[Records contained in a dataset]
++++

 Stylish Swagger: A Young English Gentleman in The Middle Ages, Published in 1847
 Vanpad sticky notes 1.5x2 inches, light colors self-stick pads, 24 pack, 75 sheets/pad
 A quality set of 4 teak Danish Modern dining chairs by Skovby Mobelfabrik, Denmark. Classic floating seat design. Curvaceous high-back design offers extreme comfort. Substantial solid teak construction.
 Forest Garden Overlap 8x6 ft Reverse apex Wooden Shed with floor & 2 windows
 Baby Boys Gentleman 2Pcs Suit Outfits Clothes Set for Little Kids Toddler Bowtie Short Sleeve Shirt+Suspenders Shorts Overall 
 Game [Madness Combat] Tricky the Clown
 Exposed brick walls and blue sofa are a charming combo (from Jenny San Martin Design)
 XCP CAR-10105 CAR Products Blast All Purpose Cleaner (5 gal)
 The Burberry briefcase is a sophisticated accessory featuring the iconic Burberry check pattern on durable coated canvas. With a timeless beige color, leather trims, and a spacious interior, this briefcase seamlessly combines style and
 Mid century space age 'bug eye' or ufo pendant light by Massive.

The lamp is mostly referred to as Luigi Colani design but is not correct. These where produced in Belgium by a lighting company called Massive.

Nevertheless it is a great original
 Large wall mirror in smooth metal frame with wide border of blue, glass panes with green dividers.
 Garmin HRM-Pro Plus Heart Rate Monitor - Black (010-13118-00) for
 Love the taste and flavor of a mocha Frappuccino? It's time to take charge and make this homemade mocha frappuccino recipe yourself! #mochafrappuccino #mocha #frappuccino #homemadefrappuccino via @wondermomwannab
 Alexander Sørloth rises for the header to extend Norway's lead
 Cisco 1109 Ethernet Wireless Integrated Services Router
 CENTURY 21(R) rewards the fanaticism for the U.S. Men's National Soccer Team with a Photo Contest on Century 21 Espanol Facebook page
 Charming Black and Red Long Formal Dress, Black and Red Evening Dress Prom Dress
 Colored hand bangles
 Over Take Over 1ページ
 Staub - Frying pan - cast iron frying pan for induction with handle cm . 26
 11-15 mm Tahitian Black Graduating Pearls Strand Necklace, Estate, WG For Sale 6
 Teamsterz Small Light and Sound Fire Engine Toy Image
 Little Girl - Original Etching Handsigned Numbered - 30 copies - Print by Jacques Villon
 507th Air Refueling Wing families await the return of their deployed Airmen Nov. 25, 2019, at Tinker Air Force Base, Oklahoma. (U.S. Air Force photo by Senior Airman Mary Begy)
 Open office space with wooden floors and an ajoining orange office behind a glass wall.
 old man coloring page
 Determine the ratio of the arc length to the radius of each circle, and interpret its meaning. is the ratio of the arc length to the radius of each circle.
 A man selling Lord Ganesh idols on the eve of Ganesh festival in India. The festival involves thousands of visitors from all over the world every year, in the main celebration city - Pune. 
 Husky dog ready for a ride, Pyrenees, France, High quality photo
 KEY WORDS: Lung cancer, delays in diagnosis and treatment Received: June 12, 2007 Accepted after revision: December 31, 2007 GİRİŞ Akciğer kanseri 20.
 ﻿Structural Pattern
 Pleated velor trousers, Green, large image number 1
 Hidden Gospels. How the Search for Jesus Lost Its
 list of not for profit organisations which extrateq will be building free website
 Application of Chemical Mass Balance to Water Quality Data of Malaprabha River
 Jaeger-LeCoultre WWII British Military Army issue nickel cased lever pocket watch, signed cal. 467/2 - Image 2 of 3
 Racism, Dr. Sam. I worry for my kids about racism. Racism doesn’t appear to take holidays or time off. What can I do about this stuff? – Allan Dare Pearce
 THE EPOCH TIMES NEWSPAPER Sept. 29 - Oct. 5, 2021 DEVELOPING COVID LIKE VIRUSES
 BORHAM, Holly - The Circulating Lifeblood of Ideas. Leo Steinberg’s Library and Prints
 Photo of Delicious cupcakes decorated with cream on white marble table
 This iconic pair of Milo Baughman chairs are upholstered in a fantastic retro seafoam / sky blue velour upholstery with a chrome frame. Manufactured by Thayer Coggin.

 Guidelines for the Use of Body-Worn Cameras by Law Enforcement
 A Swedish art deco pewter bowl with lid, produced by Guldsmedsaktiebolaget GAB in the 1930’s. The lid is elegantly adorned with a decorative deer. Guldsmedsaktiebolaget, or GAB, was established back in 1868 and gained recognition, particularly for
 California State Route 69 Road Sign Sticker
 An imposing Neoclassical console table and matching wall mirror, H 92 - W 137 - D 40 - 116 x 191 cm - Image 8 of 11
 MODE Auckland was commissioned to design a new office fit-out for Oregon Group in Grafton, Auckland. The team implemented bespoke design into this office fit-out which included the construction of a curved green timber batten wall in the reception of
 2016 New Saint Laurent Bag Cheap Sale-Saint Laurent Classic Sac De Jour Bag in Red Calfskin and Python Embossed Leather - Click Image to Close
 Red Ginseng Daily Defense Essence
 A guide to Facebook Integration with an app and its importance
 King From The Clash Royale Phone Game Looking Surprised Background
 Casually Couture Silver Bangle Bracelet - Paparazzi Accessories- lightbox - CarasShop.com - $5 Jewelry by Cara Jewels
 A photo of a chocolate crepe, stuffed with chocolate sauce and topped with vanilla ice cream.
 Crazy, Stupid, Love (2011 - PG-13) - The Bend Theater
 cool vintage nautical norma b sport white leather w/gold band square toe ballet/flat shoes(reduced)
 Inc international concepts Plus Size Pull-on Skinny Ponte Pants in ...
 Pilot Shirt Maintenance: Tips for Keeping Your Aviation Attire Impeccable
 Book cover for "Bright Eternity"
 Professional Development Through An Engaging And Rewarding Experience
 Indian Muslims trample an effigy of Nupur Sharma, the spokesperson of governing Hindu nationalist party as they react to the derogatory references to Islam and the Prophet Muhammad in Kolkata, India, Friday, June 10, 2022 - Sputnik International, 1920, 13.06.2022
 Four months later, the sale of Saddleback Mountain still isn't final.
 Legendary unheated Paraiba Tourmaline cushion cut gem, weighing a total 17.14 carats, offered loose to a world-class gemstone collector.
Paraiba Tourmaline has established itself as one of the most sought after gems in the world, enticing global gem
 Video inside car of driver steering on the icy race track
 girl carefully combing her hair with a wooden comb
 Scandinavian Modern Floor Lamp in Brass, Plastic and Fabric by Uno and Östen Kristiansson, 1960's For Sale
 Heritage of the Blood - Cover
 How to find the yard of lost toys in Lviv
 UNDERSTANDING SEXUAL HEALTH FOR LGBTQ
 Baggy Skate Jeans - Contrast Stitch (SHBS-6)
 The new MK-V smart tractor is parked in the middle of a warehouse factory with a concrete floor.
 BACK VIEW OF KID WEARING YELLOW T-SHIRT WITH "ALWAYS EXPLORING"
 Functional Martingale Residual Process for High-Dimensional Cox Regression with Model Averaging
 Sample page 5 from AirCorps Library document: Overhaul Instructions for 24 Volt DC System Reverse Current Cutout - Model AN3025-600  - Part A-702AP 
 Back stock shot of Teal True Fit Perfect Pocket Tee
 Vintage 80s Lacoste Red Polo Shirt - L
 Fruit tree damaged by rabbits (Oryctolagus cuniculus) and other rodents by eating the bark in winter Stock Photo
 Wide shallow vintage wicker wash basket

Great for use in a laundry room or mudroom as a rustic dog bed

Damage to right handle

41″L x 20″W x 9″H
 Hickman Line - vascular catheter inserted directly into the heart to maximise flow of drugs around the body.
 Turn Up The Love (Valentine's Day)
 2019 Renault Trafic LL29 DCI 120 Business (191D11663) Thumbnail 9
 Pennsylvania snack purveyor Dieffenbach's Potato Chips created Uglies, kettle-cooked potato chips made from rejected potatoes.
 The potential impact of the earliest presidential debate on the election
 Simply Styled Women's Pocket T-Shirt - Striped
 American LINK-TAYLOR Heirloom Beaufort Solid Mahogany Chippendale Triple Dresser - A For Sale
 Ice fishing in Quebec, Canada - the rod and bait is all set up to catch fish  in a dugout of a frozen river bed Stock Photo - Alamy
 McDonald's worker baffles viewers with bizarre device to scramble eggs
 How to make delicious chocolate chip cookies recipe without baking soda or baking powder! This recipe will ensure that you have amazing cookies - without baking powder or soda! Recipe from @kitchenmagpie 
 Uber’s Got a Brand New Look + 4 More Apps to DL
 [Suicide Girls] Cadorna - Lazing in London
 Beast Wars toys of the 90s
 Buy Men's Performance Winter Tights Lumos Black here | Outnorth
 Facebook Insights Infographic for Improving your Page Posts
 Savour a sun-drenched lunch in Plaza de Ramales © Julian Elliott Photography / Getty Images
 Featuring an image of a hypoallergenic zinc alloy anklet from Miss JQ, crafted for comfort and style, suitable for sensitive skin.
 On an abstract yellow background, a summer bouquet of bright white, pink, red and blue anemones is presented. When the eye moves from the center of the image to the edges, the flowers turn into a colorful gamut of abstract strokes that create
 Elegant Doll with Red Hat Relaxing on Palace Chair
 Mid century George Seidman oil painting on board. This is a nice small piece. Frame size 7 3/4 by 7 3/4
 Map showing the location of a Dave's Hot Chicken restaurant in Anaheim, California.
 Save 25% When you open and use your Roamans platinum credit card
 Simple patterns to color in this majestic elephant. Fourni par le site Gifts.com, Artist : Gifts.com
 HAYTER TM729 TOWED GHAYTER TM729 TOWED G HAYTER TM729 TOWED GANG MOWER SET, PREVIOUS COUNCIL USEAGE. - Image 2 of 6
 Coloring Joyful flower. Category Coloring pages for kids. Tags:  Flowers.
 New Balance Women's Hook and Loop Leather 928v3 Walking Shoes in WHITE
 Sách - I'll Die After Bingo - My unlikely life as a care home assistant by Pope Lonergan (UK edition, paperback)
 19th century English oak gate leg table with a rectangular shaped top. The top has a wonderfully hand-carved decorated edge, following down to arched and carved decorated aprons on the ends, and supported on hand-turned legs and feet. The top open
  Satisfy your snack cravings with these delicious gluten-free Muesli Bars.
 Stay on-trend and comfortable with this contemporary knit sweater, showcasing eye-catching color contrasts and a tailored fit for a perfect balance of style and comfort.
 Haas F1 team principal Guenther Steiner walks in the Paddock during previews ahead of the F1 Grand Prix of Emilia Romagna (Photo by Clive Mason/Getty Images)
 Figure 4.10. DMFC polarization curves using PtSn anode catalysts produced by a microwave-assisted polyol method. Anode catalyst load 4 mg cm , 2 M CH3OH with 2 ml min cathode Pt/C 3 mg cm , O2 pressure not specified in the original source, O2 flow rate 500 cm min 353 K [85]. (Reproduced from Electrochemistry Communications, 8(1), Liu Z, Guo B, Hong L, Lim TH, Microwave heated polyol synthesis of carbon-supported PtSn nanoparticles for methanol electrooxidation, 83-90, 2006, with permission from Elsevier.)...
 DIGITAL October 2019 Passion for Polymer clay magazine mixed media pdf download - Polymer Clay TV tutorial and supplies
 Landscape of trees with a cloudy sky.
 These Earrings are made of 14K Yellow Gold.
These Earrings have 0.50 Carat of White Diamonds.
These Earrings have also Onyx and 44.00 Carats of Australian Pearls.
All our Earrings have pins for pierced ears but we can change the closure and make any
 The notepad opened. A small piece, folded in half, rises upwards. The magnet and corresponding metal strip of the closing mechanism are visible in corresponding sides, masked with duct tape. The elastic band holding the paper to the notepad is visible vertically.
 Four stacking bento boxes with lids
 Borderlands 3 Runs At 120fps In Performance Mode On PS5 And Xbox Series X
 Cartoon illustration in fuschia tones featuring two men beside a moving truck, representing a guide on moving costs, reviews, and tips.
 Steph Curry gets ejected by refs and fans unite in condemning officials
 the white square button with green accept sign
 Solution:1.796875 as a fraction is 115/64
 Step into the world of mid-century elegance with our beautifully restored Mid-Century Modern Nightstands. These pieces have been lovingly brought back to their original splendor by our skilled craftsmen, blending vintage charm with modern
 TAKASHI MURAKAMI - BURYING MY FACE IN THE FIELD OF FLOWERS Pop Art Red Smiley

++++

Using the records above, set down exactly the lines from the one with "Turn Up The Love (Valentine's Day)" through the one with "McDonald's worker baffles", inclusive, and nothing more.

 Turn Up The Love (Valentine's Day)
 2019 Renault Trafic LL29 DCI 120 Business (191D11663) Thumbnail 9
 Pennsylvania snack purveyor Dieffenbach's Potato Chips created Uglies, kettle-cooked potato chips made from rejected potatoes.
 The potential impact of the earliest presidential debate on the election
 Simply Styled Women's Pocket T-Shirt - Striped
 American LINK-TAYLOR Heirloom Beaufort Solid Mahogany Chippendale Triple Dresser - A For Sale
 Ice fishing in Quebec, Canada - the rod and bait is all set up to catch fish  in a dugout of a frozen river bed Stock Photo - Alamy
 McDonald's worker baffles viewers with bizarre device to scramble eggs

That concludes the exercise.